Le médecin réussit alors parfaitement l'accouchement grâce à la transmission orale d’un certain
savoir-faire pratique. Tard dans la nuit, de retour
dans sa chambre, le manuel d’obstétrique est resté
ouvert sur la table, éclairé par la lampe :
Pendant près d'une heure encore je restai à
le feuilleter, avalant mon thé refroidi. Une chose
intéressante se produisit alors : tous les passages
restés obscurs devinrent tout à fait clairs, comme
en pleine lumière, et là, près de la lampe,
dans mon trou perdu, je compris cette nuit-là,
la valeur de la véritable connaissance.
On peut acquérir une grande expérience
à la campagne, pensais-je en m'endormant ;
seulement, il faut lire, lire... lire davantage...
Les lectures sont toujours plurielles. Boulgakov
déploie le thème classique d’une complémentarité
de la connaissance théorique et de la connaissance
pratique. Ses récits relatent des expériences. Or, le
terme d’expérience a deux sens dans notre langue.

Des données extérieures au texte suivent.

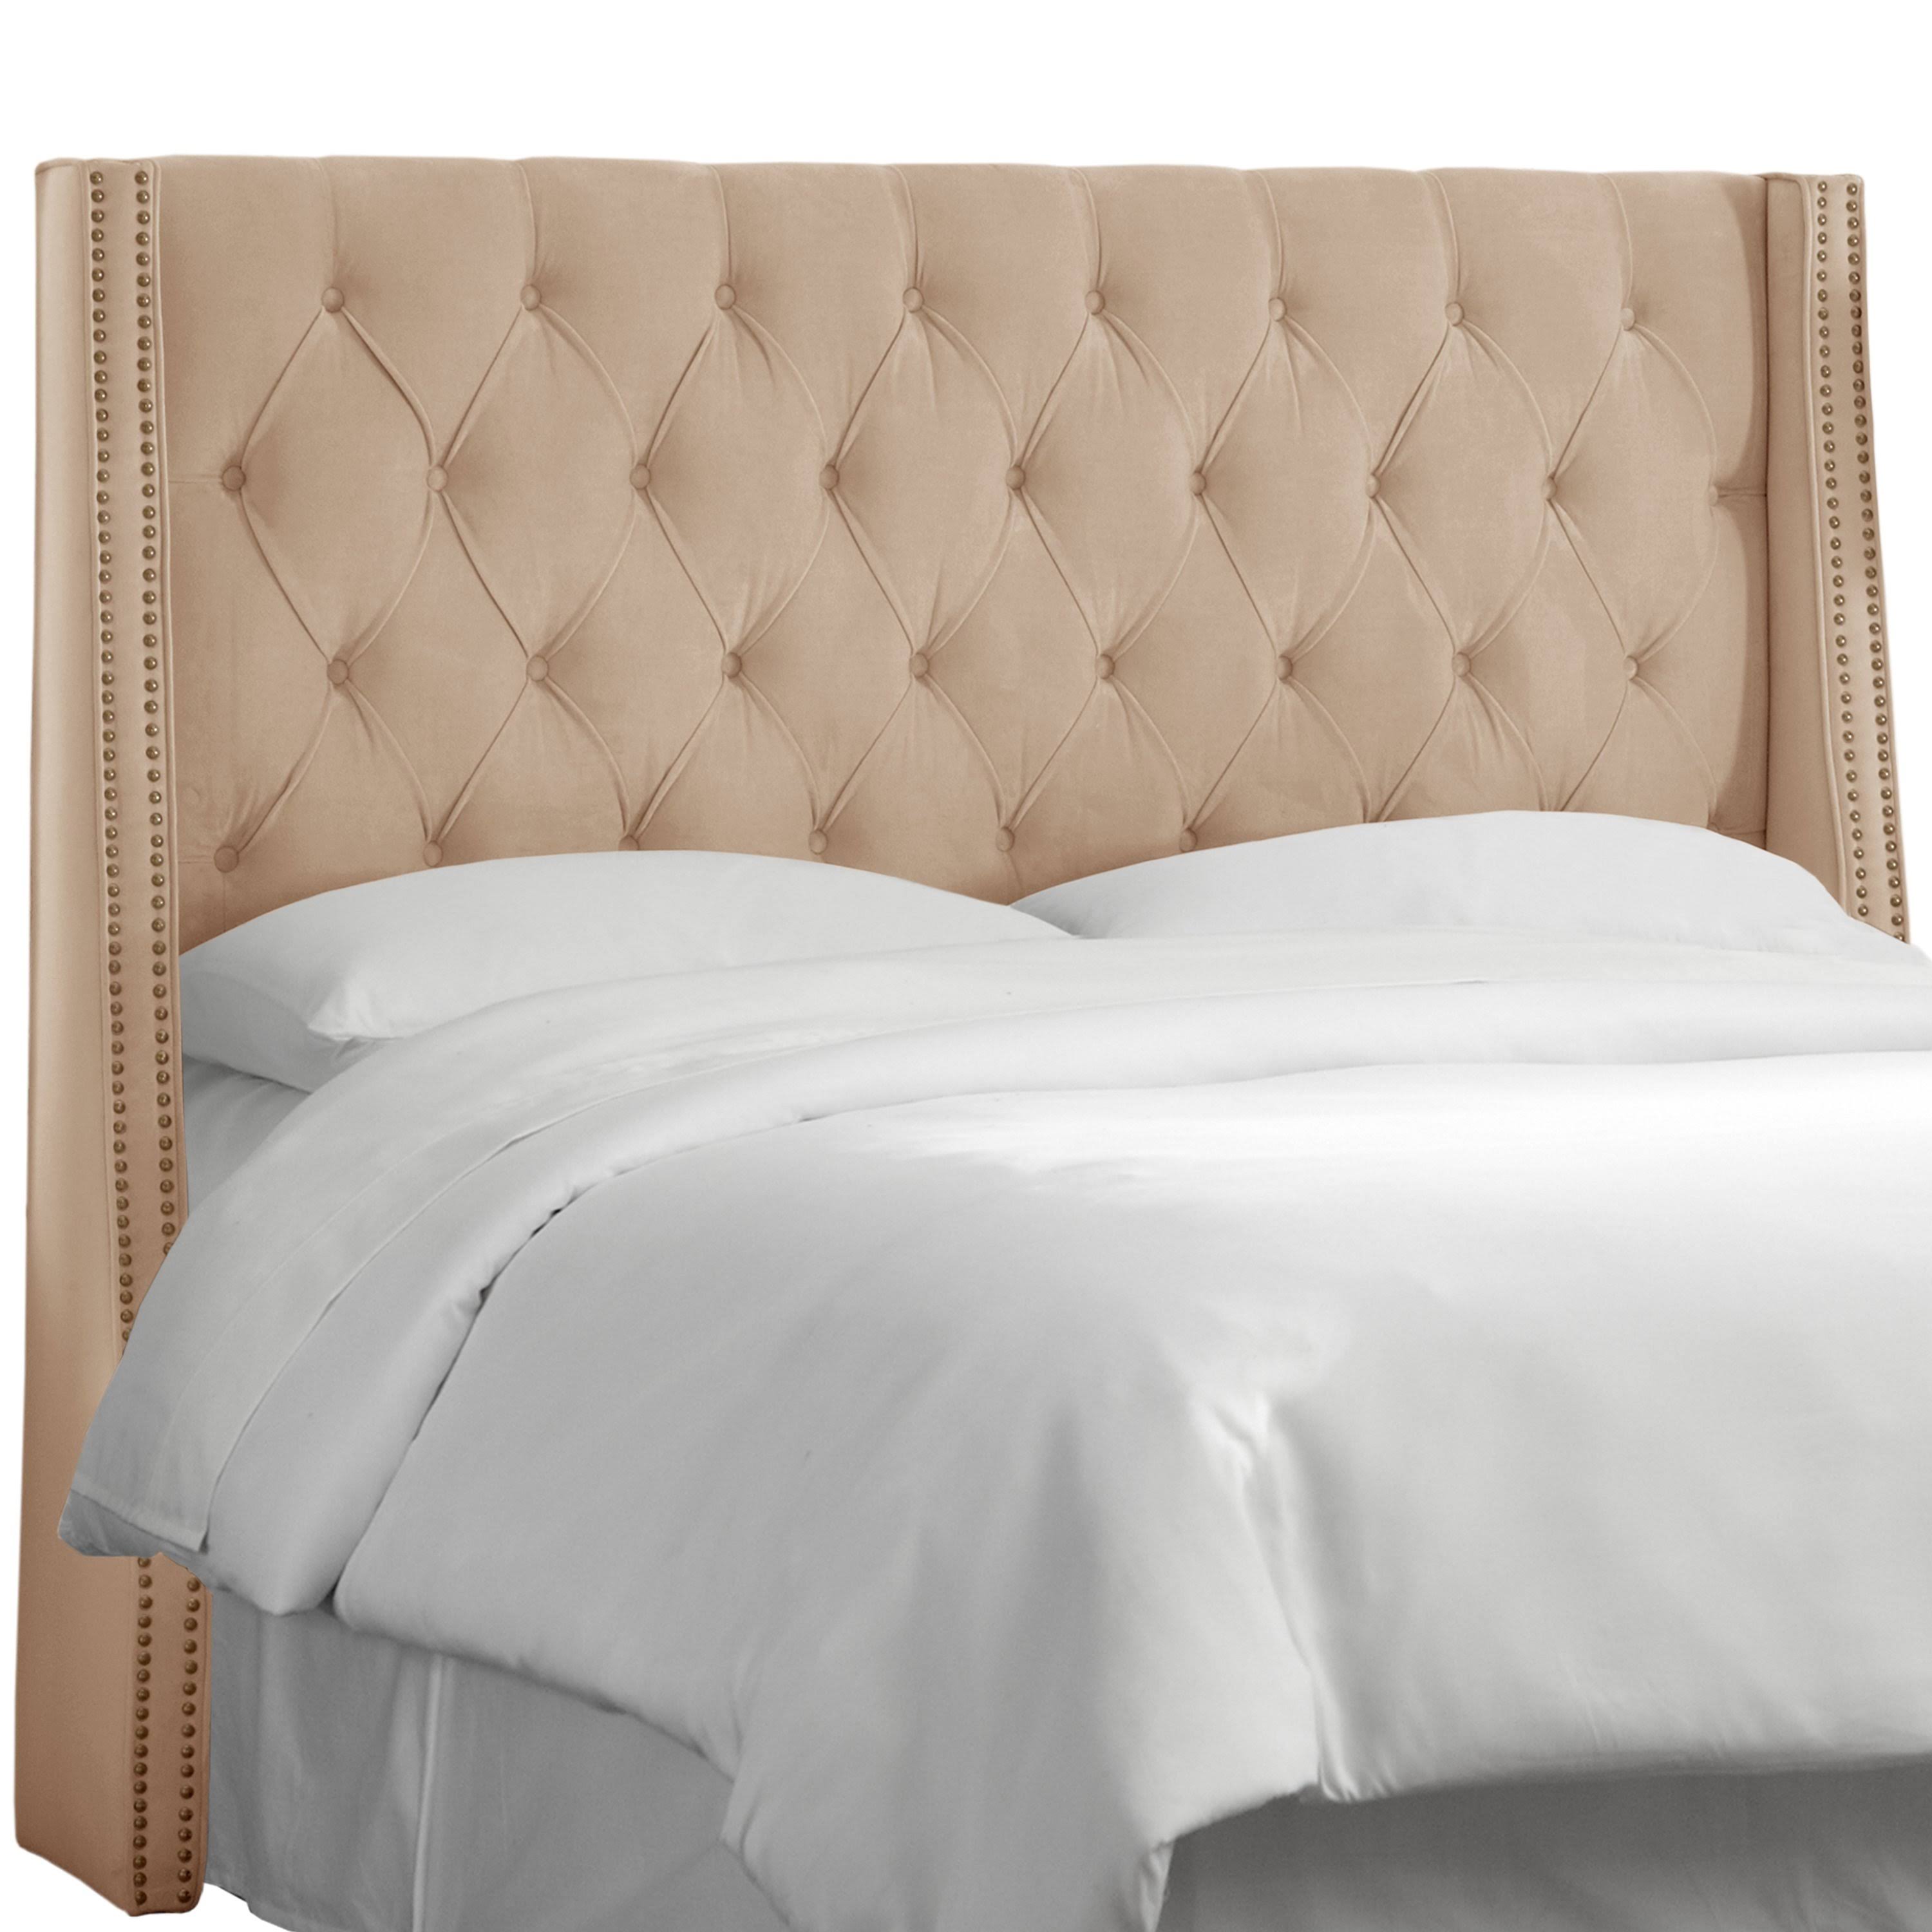 Cream Tufted Wingback Queen Upholstered Headboard Wxf 02

Il a d’abord celui d’une épreuve. Le premier
accouchement est une épreuve que traverse le narrateur et dont il sort transformé. Le second sens
est l’expérimentation, à savoir l’observation d’une
situation provoquée artificiellement. Chez Boulgakov, du moins pour les Récits d’un jeune médecin,
il s’agit d’observer et de transcrire secondairement
une épreuve personnelle par l’artifice du langage
pour en faire faire l’épreuve au lecteur à travers
l'acte de lecture. Nous avons donc là une remarquable illustration, particulièrement pour le médecin, de l’importance de la connaissance sensible et
subjective, à côté du savoir technique, pour mieux
comprendre la complexité des réalités vécues.